The Supreme Court in 1894, Plessy v Ferguson. Photo: Library of Congress / Corbis / VCG / Getty Images
Canellos also tells the tragic story of Ed Johnson, falsely convicted of rape. At the request of two black lawyers, Harlan took emergency action to stop his execution, whereupon the sheriff left the prison unguarded and a mob lynched Johnson and “Harlan! Harlan! “Harlan persuaded his colleagues to indict local officials for disregard of the court – the only time the Supreme Court acted as a trial court. It was” the first time blacks have seen the Supreme Court act on their behalf. “
For Canellos, Harlan could “look beyond the horizon and imagine the stresses and strains of the superstructure of American life a hundred years from now” because he was looking back on a war-ridden nation because it failed to live up to its ideals.
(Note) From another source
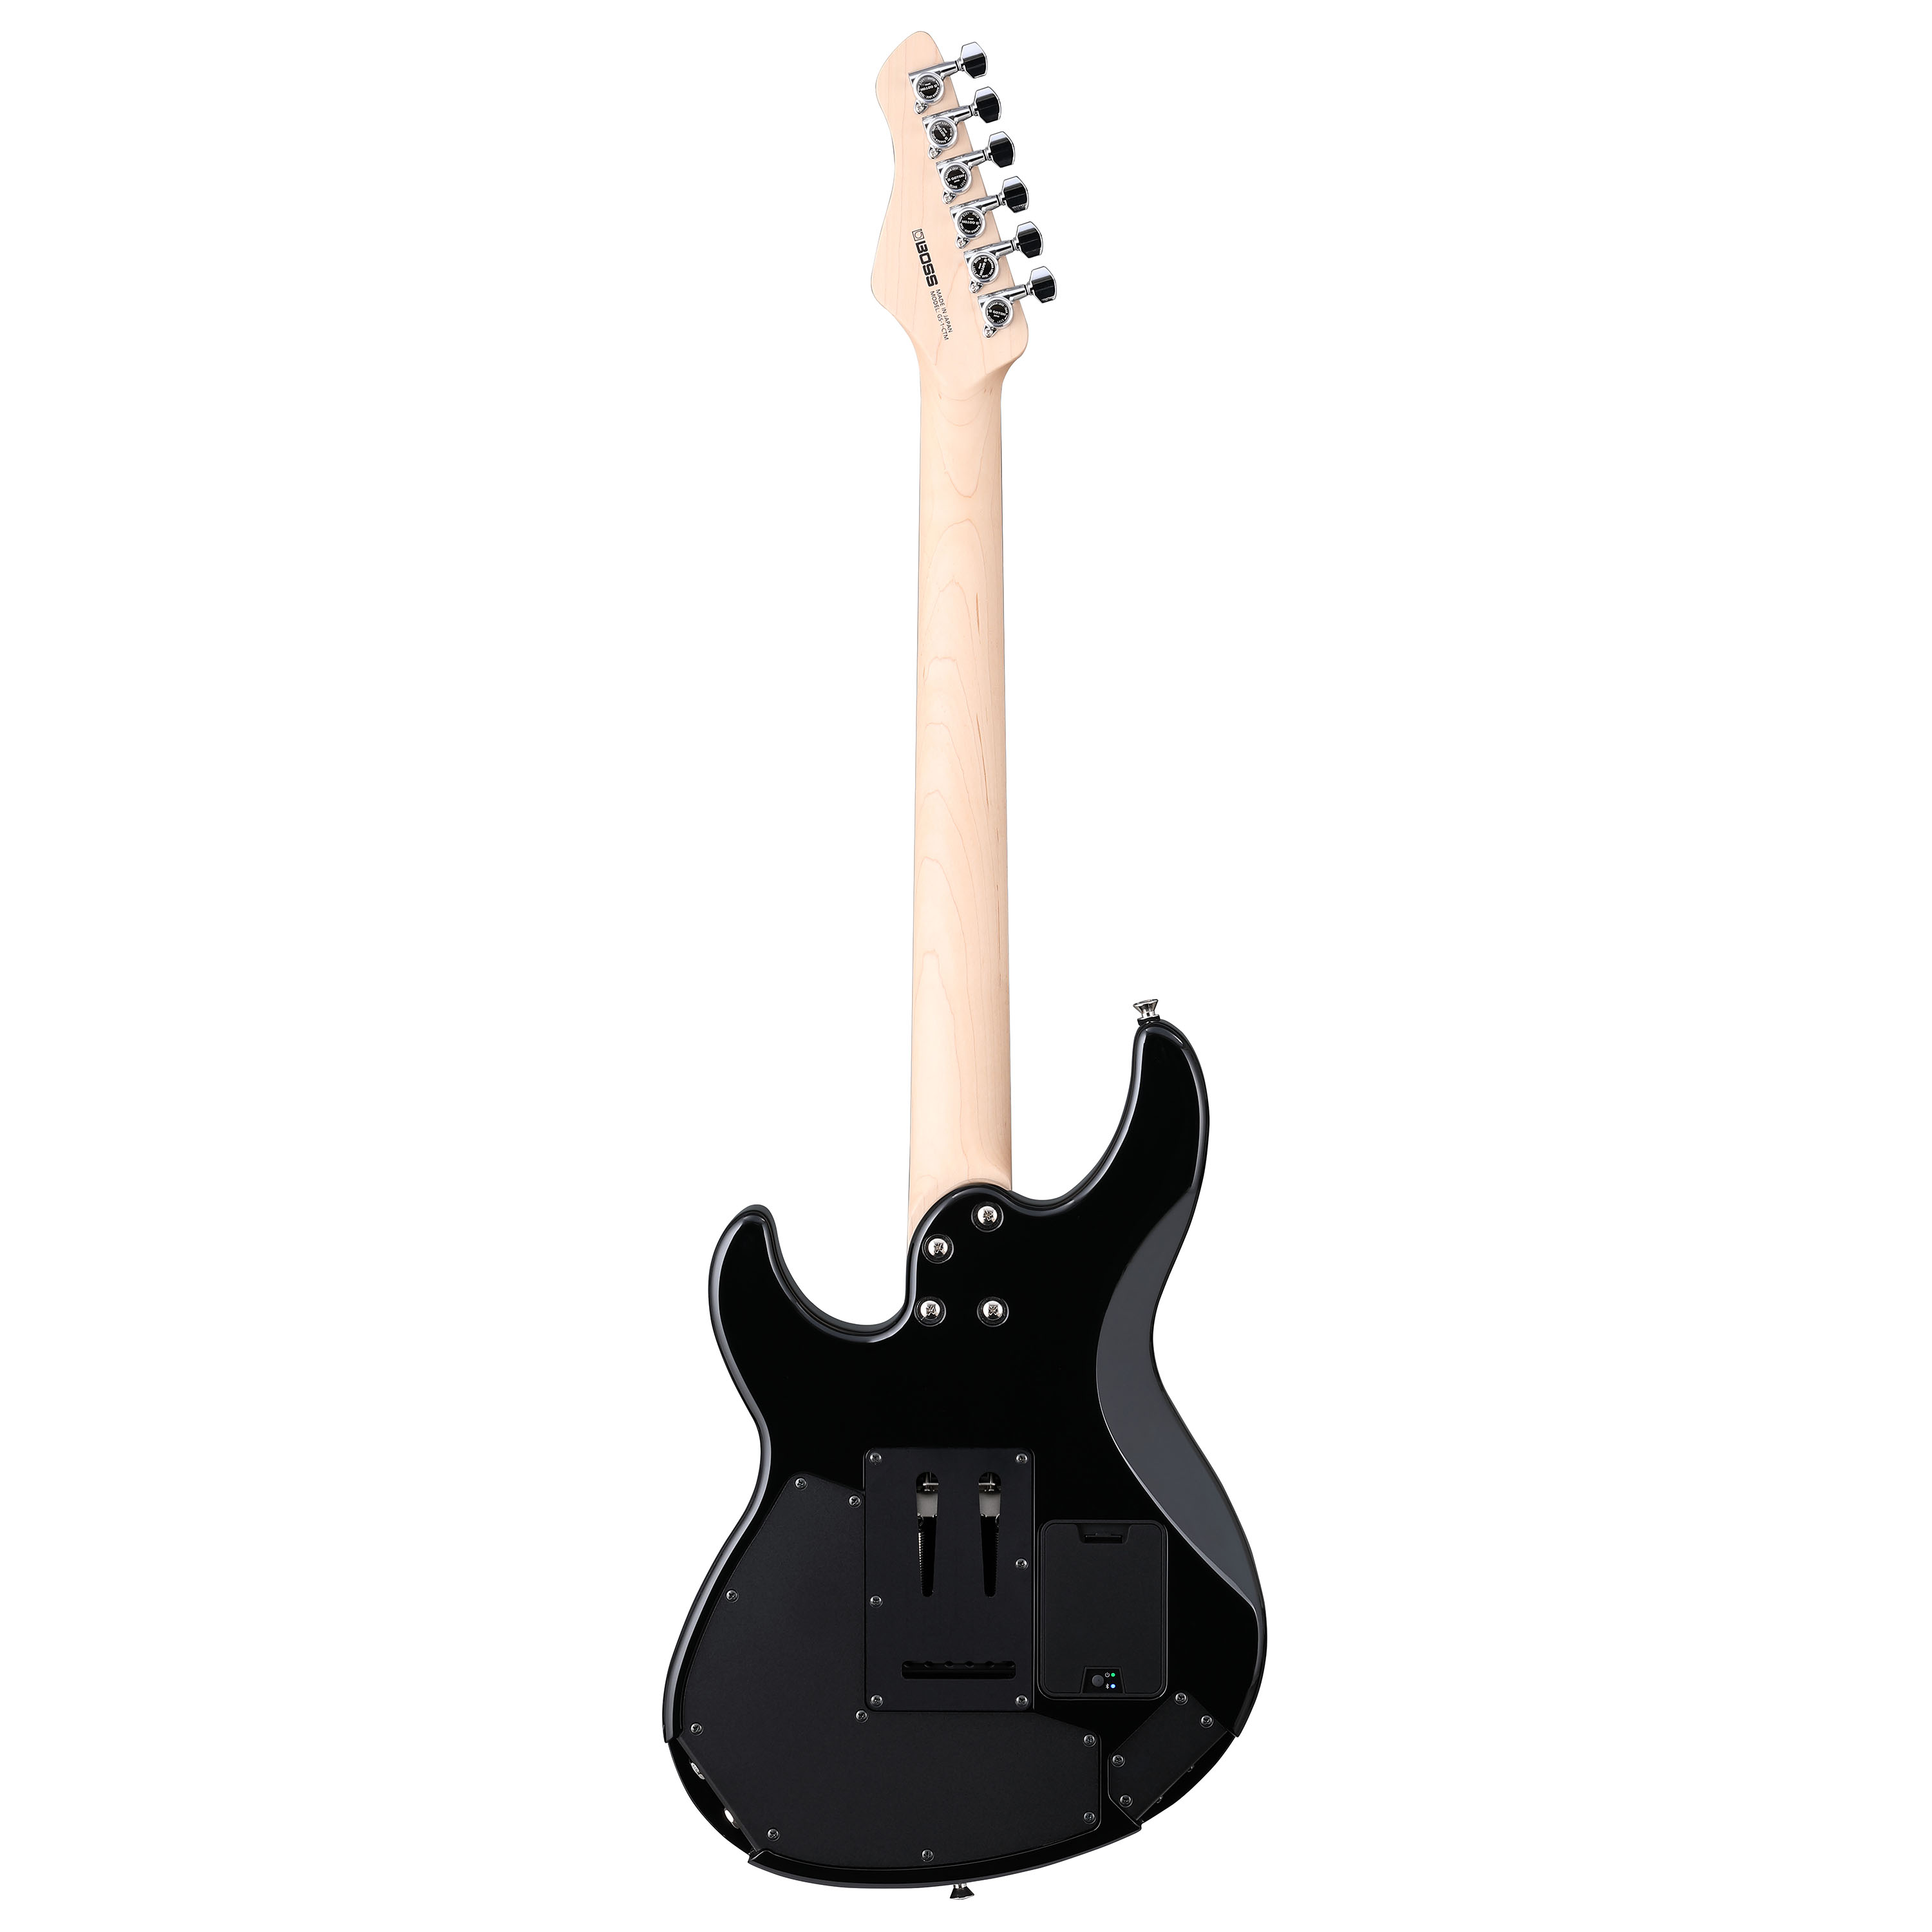 Boss Eurus Gs-1 Hh Trem Rw - Black - Guitarra eléctrica de modelización - Variation 2

Frederick Douglass rightly called him “a moral hero”. In the middle of the 20th century, the court realized that, by and large, Harlan was right. His portrait hangs in the chambers where the judges deliberate.
Canellos writes fluently, sensitively and clearly about complex legal arguments. He reminds us of how people and societies can change with them through the rule of law. The racism that Robert endured persists, but at least no longer enjoys constitutional support – mainly because of his half-brother in the judiciary.
June is traditionally the month for important supreme court decisions. One hopes for the moral courage, the clarity of thought and the practical vision of John Marshall Harlan.